By: Ron Ogden
PINELLAS COUNTY, FL. – Running for office can be nerve-straining and spiritually debilitating—but it’s nothing like running for office and losing. To make the personal commitment that campaigns demand, chase a brutal schedule, read half-baked stories about your personality, family, politics, and history, endlessly beg strangers for money with promises you will play hell keeping, and then to see it all go for naught: it can leave a sour taste.
Amanda Makki remembers how it felt last August when she and two other competitors lost the Republican Congressional primary in Pinellas County to a young newcomer who liked to flash an assault rifle in her advertising.
“Sure, it hurts,” she says. She’s chatting in one of her favorite chain delis in Seminole. “But you’ve gotta dust yourself off. No one likes a quitter.”
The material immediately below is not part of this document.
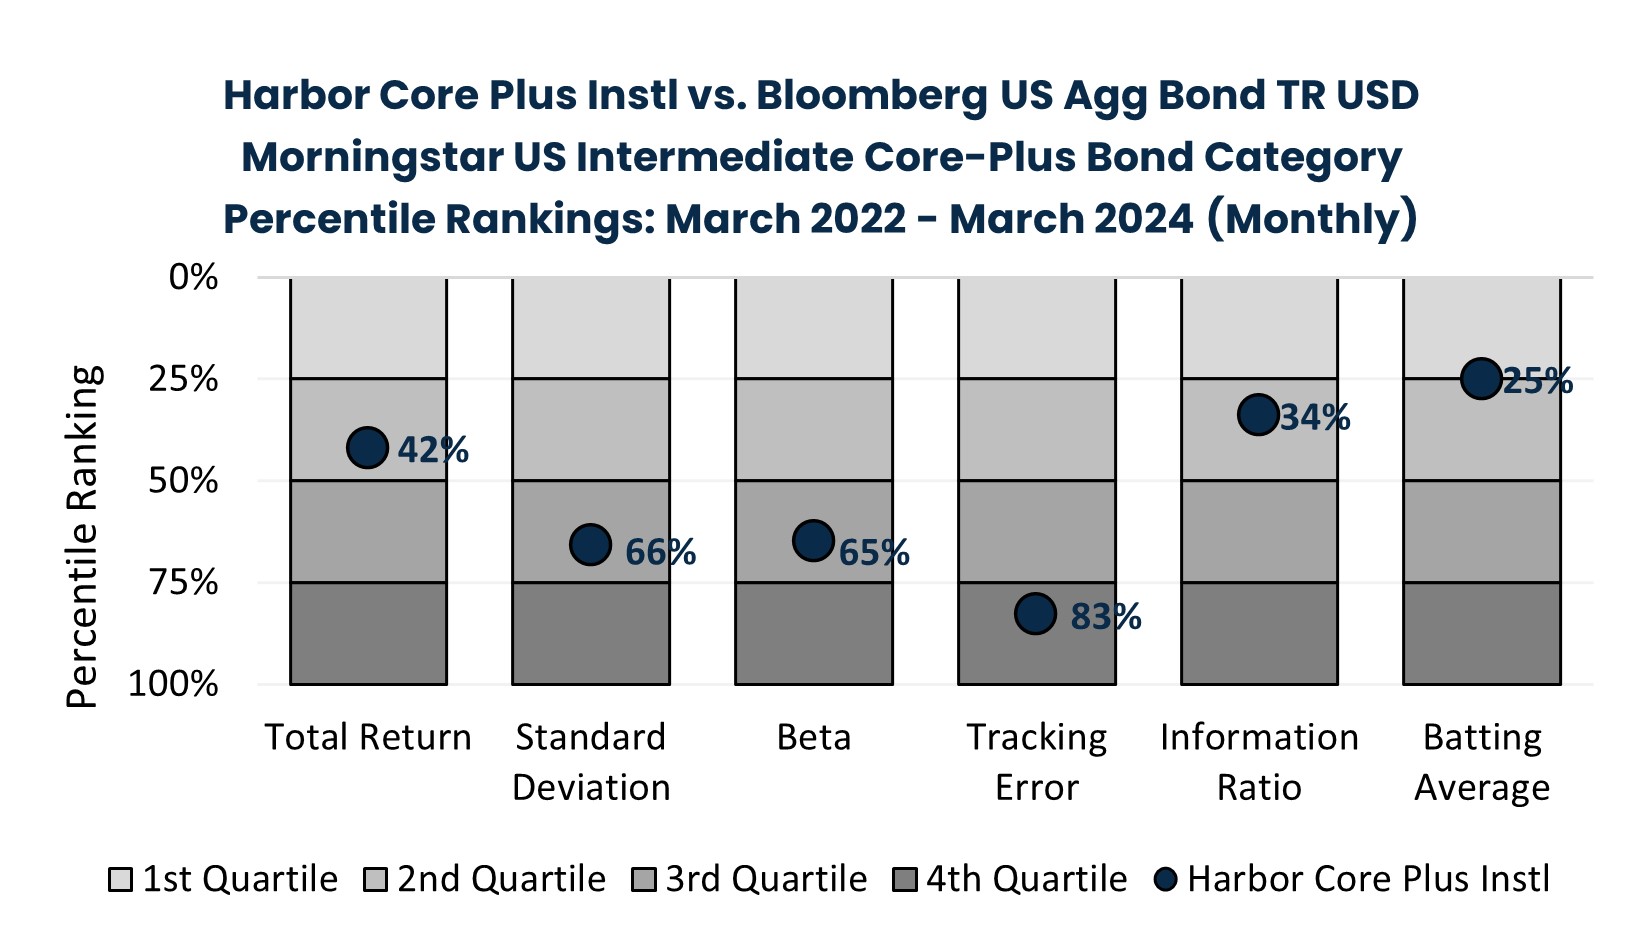 Harbor Core Plus Instl vs. Bloomberg US Agg Bond TR USD Morningstar US Intermediate Core-Plus Bond Category Percentile Rankings: March 2022 - March 2024 (Monthly)

So, demonstrating resilience not all can muster, Amanda Makki is back.
The 42-year-old lawyer, one-time Congressional aide, and former lobbyist will file her papers “soon” (probably next month) for the Republican nomination for that same Congressional seat, Florida District 13, the one abandoned by Charlie Crist in his latest political perturbation, a quixotic campaign for Governor—an office he already held once.
Why would someone of Makki’s education and experience submit to the grind of a campaign, even given the likelihood she will win? Winning would mean submitting to the endless and often thankless labor of serving in Congress. And it would halt her fast rise as a conservative writer and TV commentator. You can watch her on Fox, Newsmax, and OANN and read her columns in the Washington Times, Tampa Bay Times, and Washington Examiner.
Further, it would take her out of her role as a trusted party operative. After the election, she worked in Wisconsin overseeing ballot counting. President Trump lost Wisconsin by 20,000 votes. She said there were as many as 200,000 mail ballots there that failed to meet the state’s rules.
“They should not have been counted,” she says, grimly. “They were missing conditions precedent for a mail ballot to be counted. But they were counted.”
Public service is about more than party, says Makki. Harkening to the memory of St. Petersburg’s revered Congressman Bill Young, she expresses her desire for public service in terms of veterans.
“There are 100,000 veterans in the county. We can’t depend on just Rep. Gus Bilirakis, who’s doing a fantastic job but is just one Congressman, to deal with all these issues. They need help,” she declares. Health care is also an important issue with her.
If elected, Makki is prime to fight the socialists and the bigots.
“I will be the Squad’s worst nightmare,” she declares, referring to the six (originally four) Congress members who flaunt progressivism and call themselves “Justice Democrats.” Asked just what that means, she demurs, considering it enough to call Alexandria Ocasio-Cortez and associates “Radical-minded socialists.”
Despite being a native of Iran (brought here as an infant when her parents fled the Ayatollah), she shakes her fist at anti-Semitism. And she doesn’t much care for the misguided cabal who push Critical Race Theory in our schools. “Blatant racism,” she calls it.
Speaking of Iran, the topic of her heritage has come up. For years, America’s relations with that middle Eastern theocracy are in the ditch. Makki has been an American since infancy, graduated from top American schools and made her career in national politics and government, but some still wonder how she feels about what is, after all, her homeland.
She visited Iran as a young woman. “Sad, very sad” is how she remembers it. She thinks she can be valuable as America works out its relationship with that ancient civilization, one with a modern taste for massive power. “I have the knowledge and the background,” she says.
“Don’t strengthen and bolster the mullahs,” like Biden is, she declares, using the Arabic word for religious leader. She thinks President Trump did the right thing. Among his efforts was to use Twitter to try to reach the people of Iran. “It was the most widely read Tweet in Farsi.”
Last year, Makki’s perspectives and qualifications brought endorsements from Kevin McCarthy, the heir apparent to the Speakership of the House, and Steve Scalise, the Louisiana Congressman who famously survived being shot by a Bernie Sanders-obsessed terrorist while playing baseball four years ago.
The NRA backed her, as well as many other organizations and local leaders.
She notes that she worked for years in Washington as a staff member in the Pentagon and Congress and as a lobbyist.
“Voters want somebody in Congress who can hit the ground running and doesn’t have a steep learning curve. Someone who has the experience and doesn’t need to learn where the lights and the bathrooms are.”
What about President Trump?
Pundits float the idea of his running for Congress in south Florida and, if elected, becoming Speaker of the House—with a gimlet eye on impeaching the man he feels snookered the election. What would she think about that?
“I am open to anything President Trump would like to be part of,” Amanda Makki says firmly.